A la vez, sin ningún tipo de maniqueísmo, se nos va revelando la dinámica entre pensamiento pedagógico y sociedad, de modo que al lector le será fácil advertir tanto el cariz premonitorio de las propuestas elaboradas por pensadores e instituciones culturales y pedagógicas cubanas, como la necesidad de la intelligentsia insular de proponer modelos eduacionales que respondiesen a los procesos económicos y técnicos que se estaban gestando en la Isla. Así, por ejemplo, los afanes renovadores de José Agustín y José de la Luz y Caballero, del padre Varela, de Manuel Valdés Rodríguez y de entidades como la Sociedad Económica de Amigos del País a fines del Siglo de las Luces y a lo largo de la siguiente centuria, no se conciben al margen de la necesidad de renovación económica y tecnológica a la que estaba abocada la Isla, tras la extensión de la economía azucarera. De igual manera, la necesidad de construir y preservar la República nacida en 1902 y de modelar a sus futuros ciudadanos generó nuevos discursos.

Otro logro de este volumen radica en su peculiar nexo con la bibliografía; de hecho, el investigador está consciente de que para comenzar las investigaciones sobre la disciplina en las escuelas de Cuba se requiere, en primera instancia, indagar en lo que estipularan los reglamentos emitidos por los pedagogos, las instituciones especializadas de la Isla y la burocracia colonial. Sin embargo, dada la carencia de mayor número de legajos y testimonios, el estudioso no se compromete a reflejar todas las consecuencias que en la práctica pudieron haberse derivado de la implantación de los cánones disciplinarios establecidos en la Isla, sobre todo en el período colonial, que es donde escasean los registros archivísticos y bibliográficos. No obstante, hay momentos en los que Cordoví logra rebasar esas limitaciones y termina por brindarnos un panorama lo más completo posible de la cuestión de la disciplina escolar y su adecuación a las prácticas escolares cotidianas, tal y como aparece en el capítulo tercero de la investigación que, a mi juicio, es uno de los más logrados.

En esencia, este texto analiza los niveles de sofisticación que va alcanzando, dentro del pensamiento pedagógico, la cuestión del control y de las penalidades a las que son sometidos los alumnos en medio de la modernización cubana. Según Cordoví, el criterio de la disciplina lograda gracias al castigo físico va siendo sustituido por otros, donde el énfasis radica en el control del tiempo, el espacio y el cuerpo del alumno; a dicha vigilancia se le incorporan variables de corte higienista y de salud, consecuencia del vertiginoso avance científico y tecnológico ocurrido en el siglo xix. Al parecer, el cuerpo del estudiante sigue siendo el blanco de atención de los reformadores en materia educativa, aunque paulatinamente comienzan a abrirse brechas que insinúan la sustitución (en el plano epistemológico, por supuesto) de cierto tipo de enseñanza de corte psicologista, como el propuesto por la pedagoga María Luisa Dolz, que avizora la entrada de la escuela y de la sociedad cubana en una nueva fase.

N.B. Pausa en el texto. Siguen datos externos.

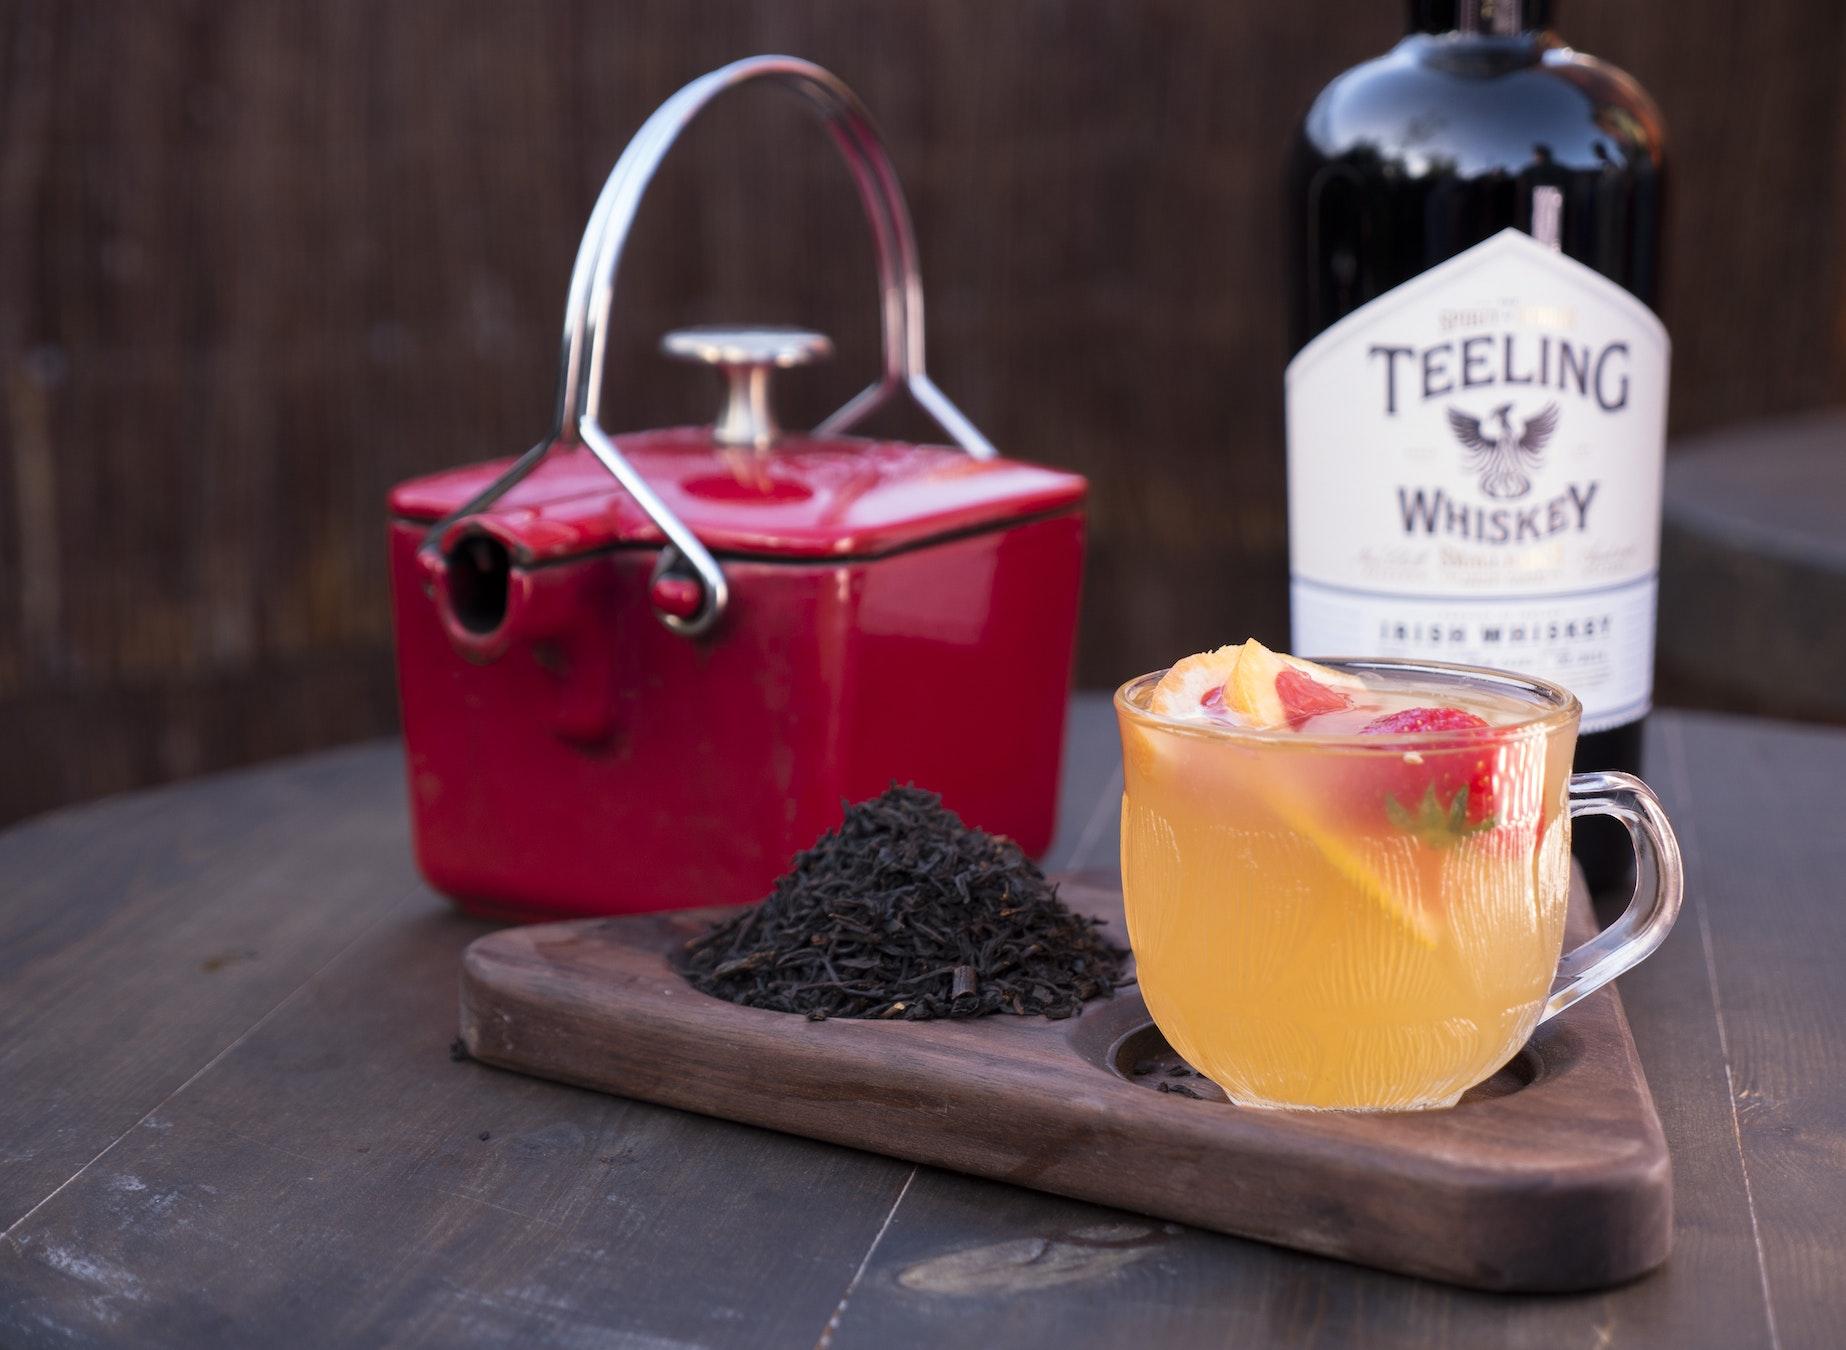 Teeling-Whisky

Otro indiscutible acierto del libro es su excelente redacción e inteligente estructura expositiva, que contribuyen no solo a la comprensión de las tesis fundamentales del proyecto, sino también a su disfrute. Esta es probablemente la obra que más refleja la madurez intelectual del joven historiador y donde mejor se aprecia la fusión entre el caudal teórico del que hace gala y un profundo trabajo de campo.

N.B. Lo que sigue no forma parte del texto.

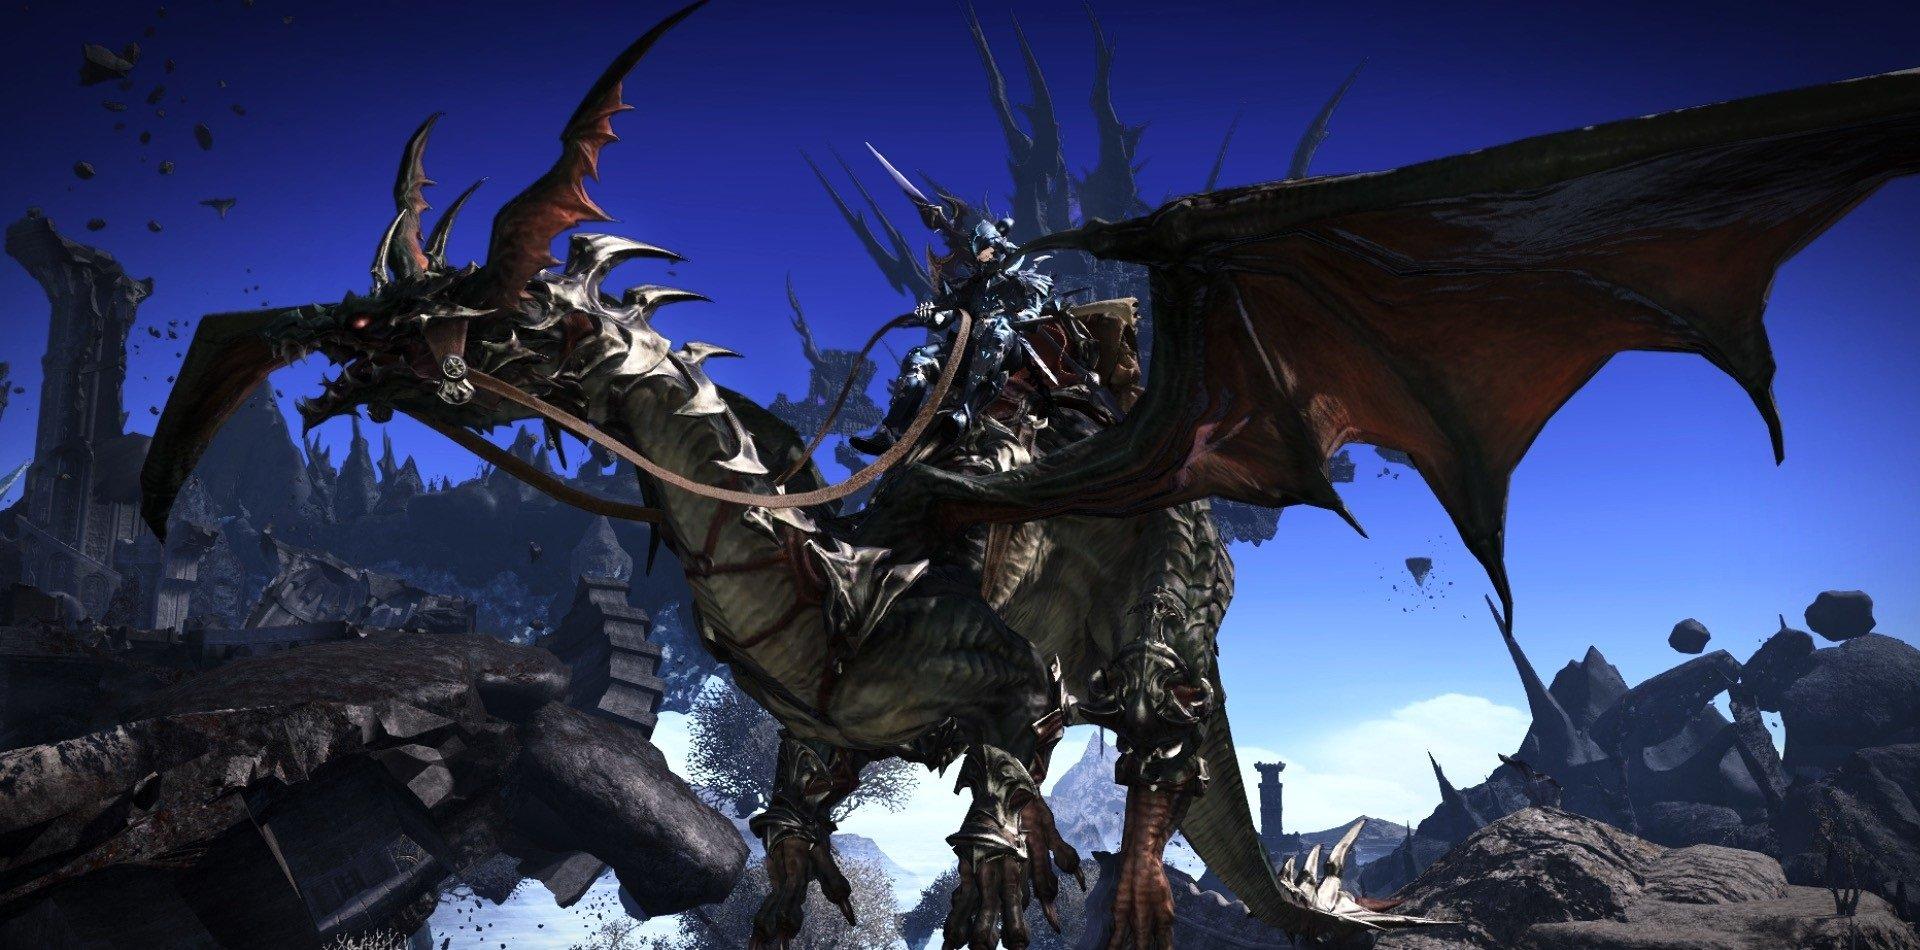 Final Fantasy XIV Heavensward final fantasy 14 Heavensward gratis

Yoel Cordoví hace un aporte esencial a los estudios sobre el funcionamiento de la escuela y la sociedad cubanas de los siglos xix y xx, así como a la historia de la práctica pedagógica y del pensamiento especializado en estos menesteres. Este trabajo es fruto de un extenso camino iniciado hace algunos años, donde ha puesto en evidencia cuestiones tales como las proyecciones nacionalistas del profesorado cubano o el reconocimiento del rol desempeñado por los maestros humildes.

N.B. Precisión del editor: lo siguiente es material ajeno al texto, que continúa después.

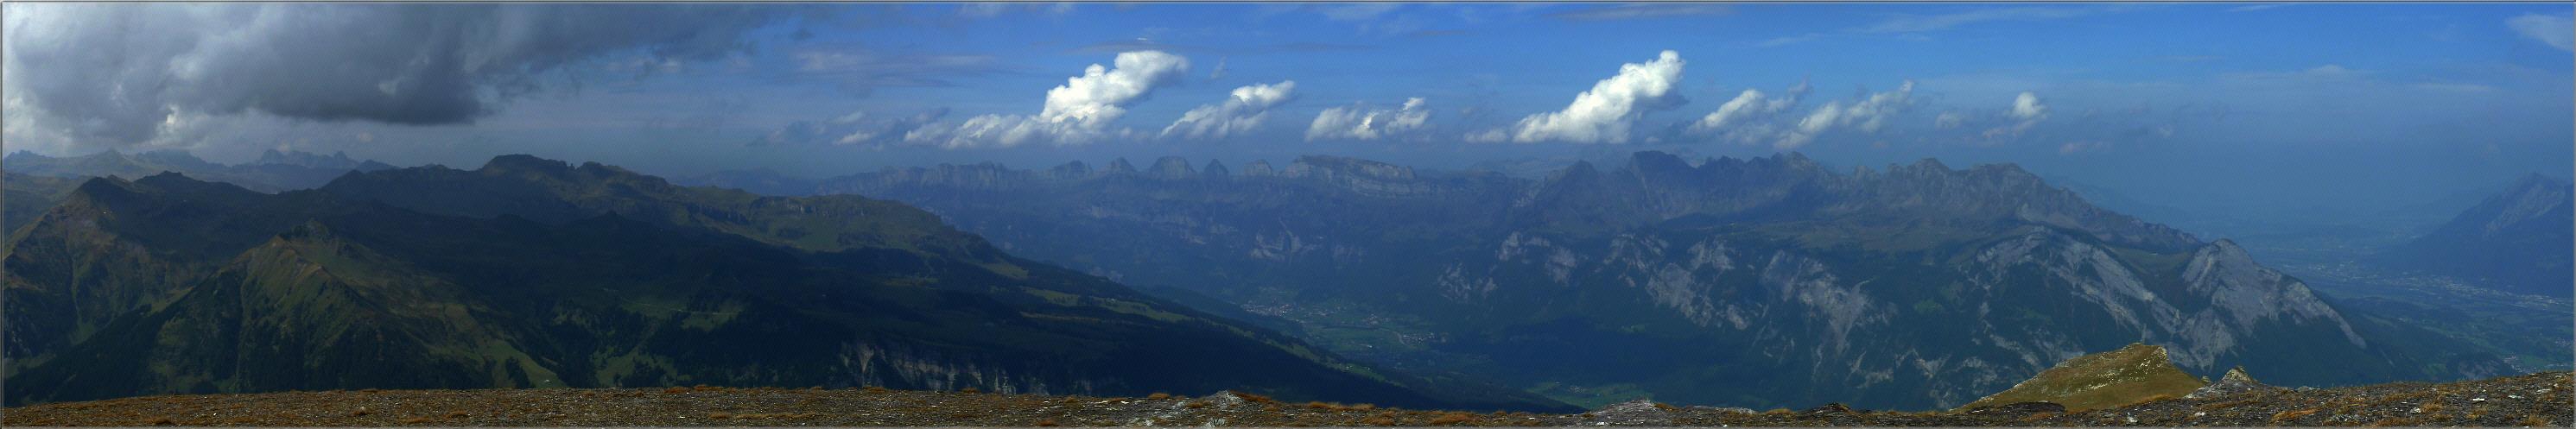 5 Seen Wanderung Panorama vom Schwarzplangg

Este libro, sugerente y provocador, es capaz de mostrar aristas desconocidas de nuestra historia y de promover más de un debate; me permito felicitar a su autor y proponer su obra como material indispensable para maestros, historiadores y especialistas en ciencias sociales y también, por qué no, funcionarios del sistema de educación y a padres o familiares de los alumnos, con el ánimo de propulsar una modalidad de enseñanza heterodoxa, emancipadora, democrática y respetuosa de las diferencias, aspiración a la que no debemos renunciar.

Ricardo E. Quiza Moreno

1 No necesitamos educación, /No necesitamos control del pensamiento, /Ni oscuros sarcasmos en el aula, / Maestros, dejen a los chicos en paz.

Introducción

El 7 de noviembre de 1841, el alumno Farías se suicidó lanzándose del balcón del Colegio Hispano, institución escolar habanera donde había sido matriculado por el teniente coronel Pedro P. Cruzes, a cargo de su tutela. Las pesquisas arrojaron que la causa de ese desenlace fueron los golpes físicos que le había infligido su maestro, Vicente González Valís. La investigación del caso estuvo a cargo del eminente bibliógrafo Antonio Bachiller y Morales por orientación del pedagogo José de la Luz y Caballero. No se trababa de un hecho aislado en la Cuba decimonónica. En cartas, informes, expedientes judiciales, así como entre otros documentos, se evidenciaban los conflictos de poder que venían suscitándose en la cotidianidad de las instituciones escolares y los múltiples enfoques alrededor del tratamiento a la corporalidad de la infancia escolarizada.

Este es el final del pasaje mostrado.